Why do we care about our students Dave, Mitch, Melody, Lukas


and are our classes friendly to ELL
students?  Use visual and multimedia
methods to keep ELL
students on track with
everyone else
 Students struggle because of
word level problems – they
cannot just identify words;
kids are not fluent and
struggle with vocabulary.
 How can students utilize
vocabulary efficiently?
 Solutions
o Motivate students to
read – offer assistance
as they read
o Keep reinforcing
students
o Strategy-based
learning; graphic
organizers for
vocabulary.
o Scaffolding to increase
confidence
 When students are in a class
focused on content-based
literacy, they can achieve
more and have more
confidence. They become
more fluent and do word
problems that provide
structure.
 Frequent practice and a
safe/secure classroom
environment

After Class

After going through the inquiry process and viewing all of the presentations respond to
the following prompt. What are the specific needs of diverse learners in your content
area, especially struggling readers, and what are some strategies you can use to
differentiate to meet their learning needs?

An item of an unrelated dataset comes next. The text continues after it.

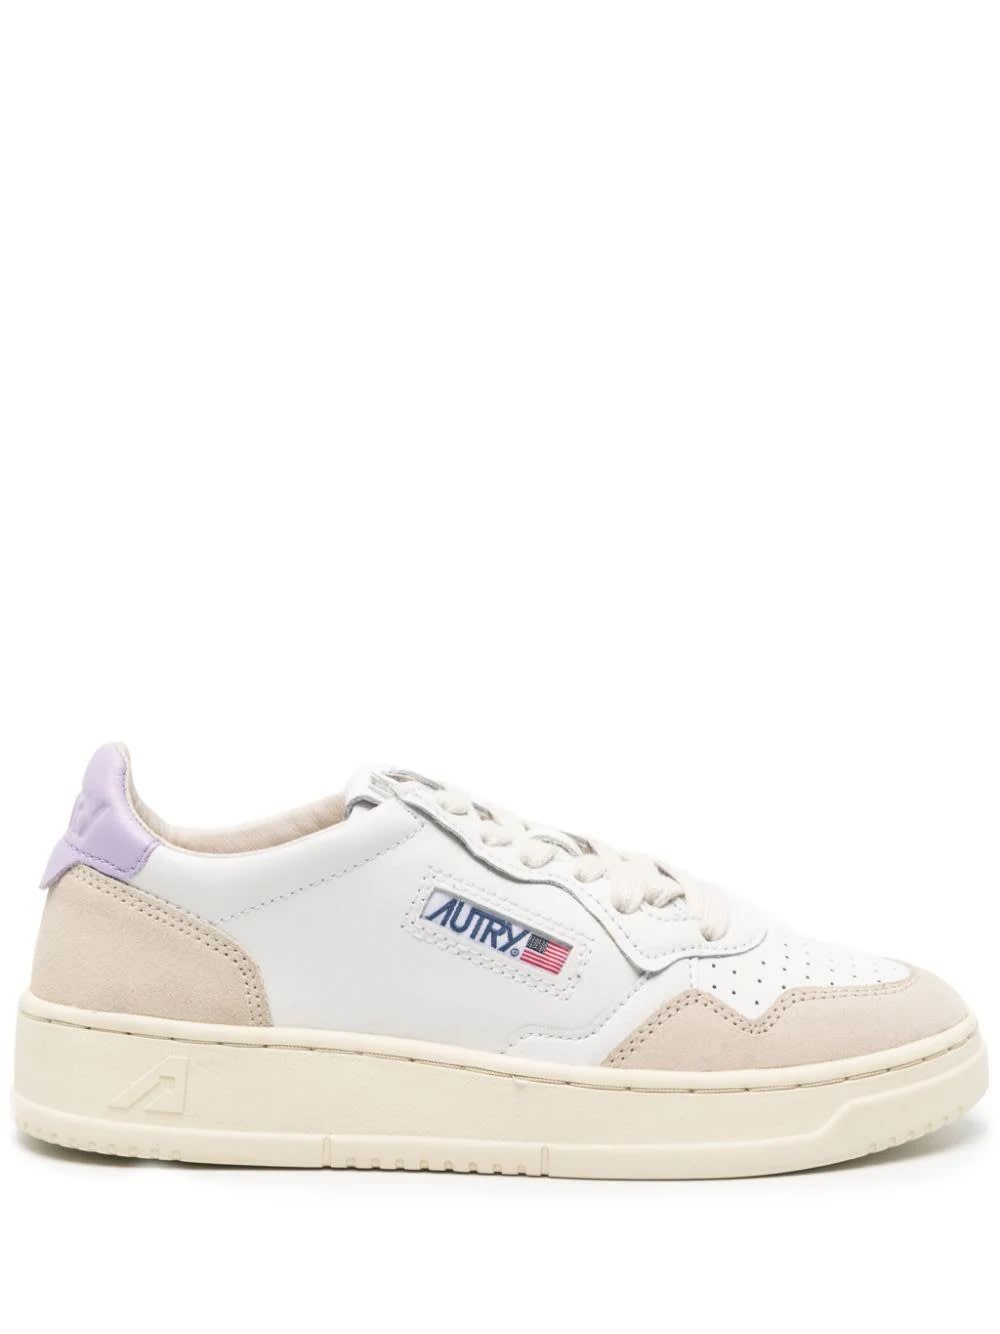 AUTRY MEDALIST LOW SNEAKERS IN WHITE AND LILAC SUEDE AND LEATHER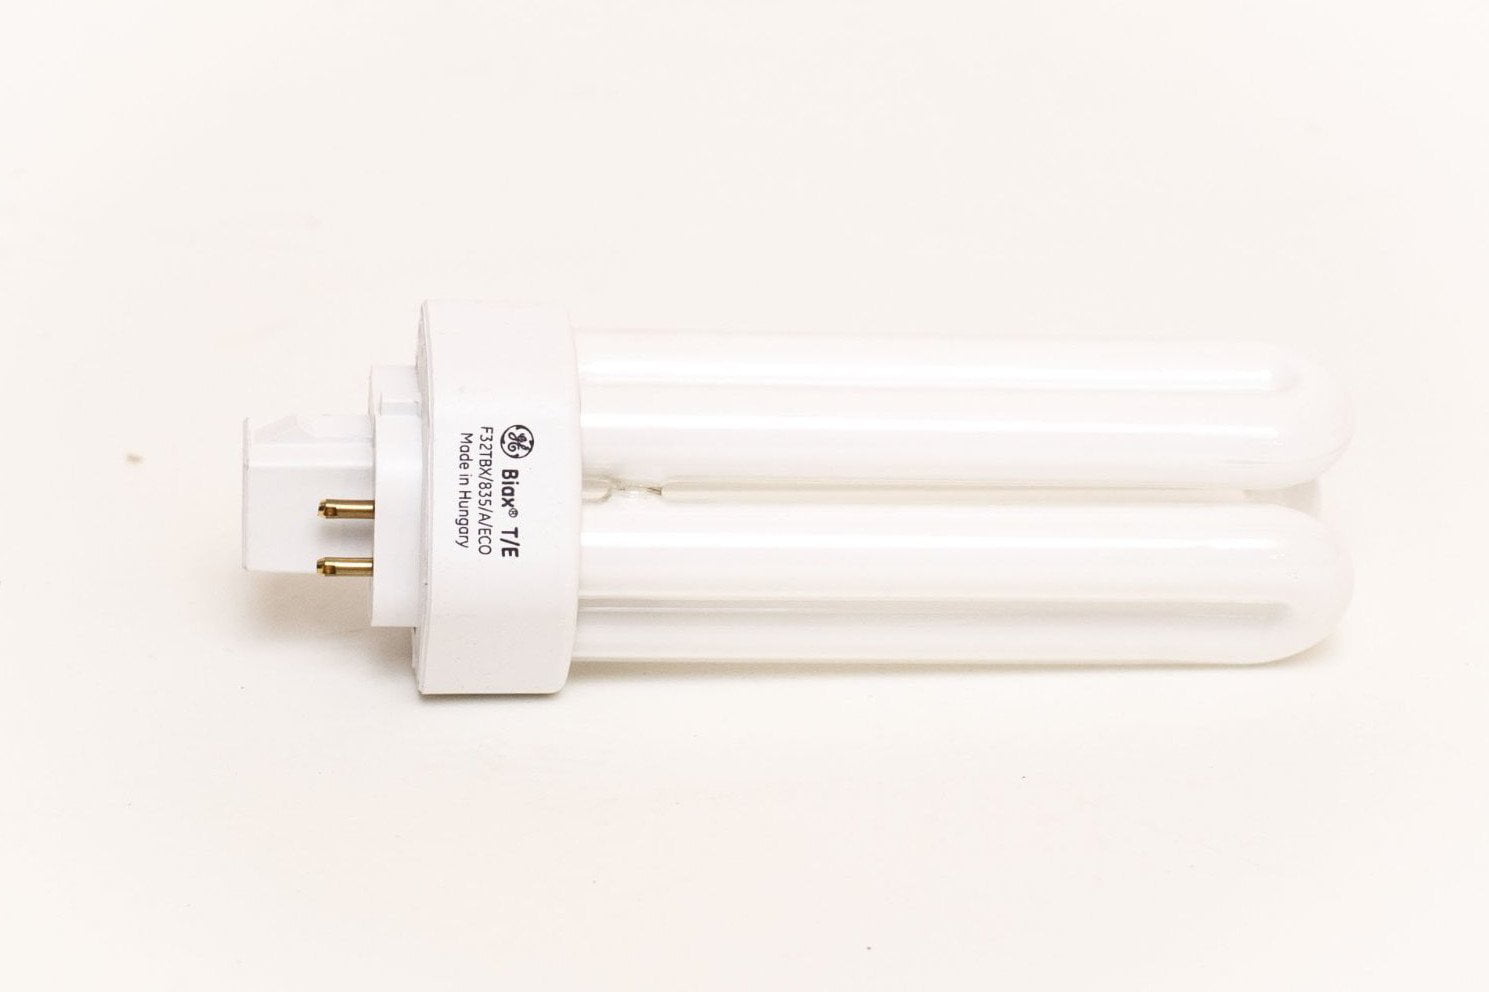 97631 GE F32TBX/835/A/ECO Ecolux 32W 4 Pin CFL Lamp 10 PACK

Revisiting my response to the initial prompt, those struggles are still very important to consider.
As one of the presentation states, some students are hardly encouraged to read, if encouraged
at all, by the people around them. They lack experience and/or interest in reading. On that note,
if a student lacks experience and has never been pushed to read casually, they cannot develop
any interest for it, so when we give them something to read for our class or another academic
purpose, they’ll be even less inclined to put it any sort of effort. It just becomes another tedious
task for them to get through. Two approaches that teachers should take in trying to tackle that
issue are: 1) provide students with texts that are relevant to their personalities and real-world
situations, 2) establish a clear purpose in reading. On that first approach, of course, many ELA
teachers have to follow a curriculum that makes them teach a text from a limited list of options,
but we can always supplement those texts with stories that share similar purposes or themes. If
students like comics, find a graphic novel version of the story you are teaching and encourage
them to read it as well as the normal version. On establishing purpose, make sure students
know that there’s a reason for reading a story beyond just “it’s what the curriculum requires,” or
“it’s an important piece of literature that you should know.” While as an English teacher, I may
acknowledge the significance of a story like Of Mice and Men, my students may not know or
even care that it’s important in the realm of literature. Teach students about how the themes in
those books relate to the modern era even though they may have been written decades ago.
Have them conduct their own personal research to find out why the story is significant, don’t just
tell them that it is and leave it at that. Students need to develop a positive attitude towards
reading if we expect them to be engaged and successful in what we have them read in class,
but simply throwing a story in front of them and having them write an analysis about it cannot do
that.

I also found it important to note that one of the other presentations noted that teachers often
lack the knowledge and resources to implement strategies and/or modify instruction to
effectively teach diverse learners, both struggling and gifted. We can look at the students and
try changing what they do, but we should definitely try to improve ourselves as educators as
well. We should keep ourselves informed on topics related to diverse learners, attend
conferences, take classes if possible, and be open to trying new methods that could benefit
them.

Works Cited

Vacca, Jo Anne L., Richard T. Vacca, and Maryann Mraz. Content Area Reading: Literacy and

Learning Across the Curriculum. 12th ed. Pearson, 2017. Print.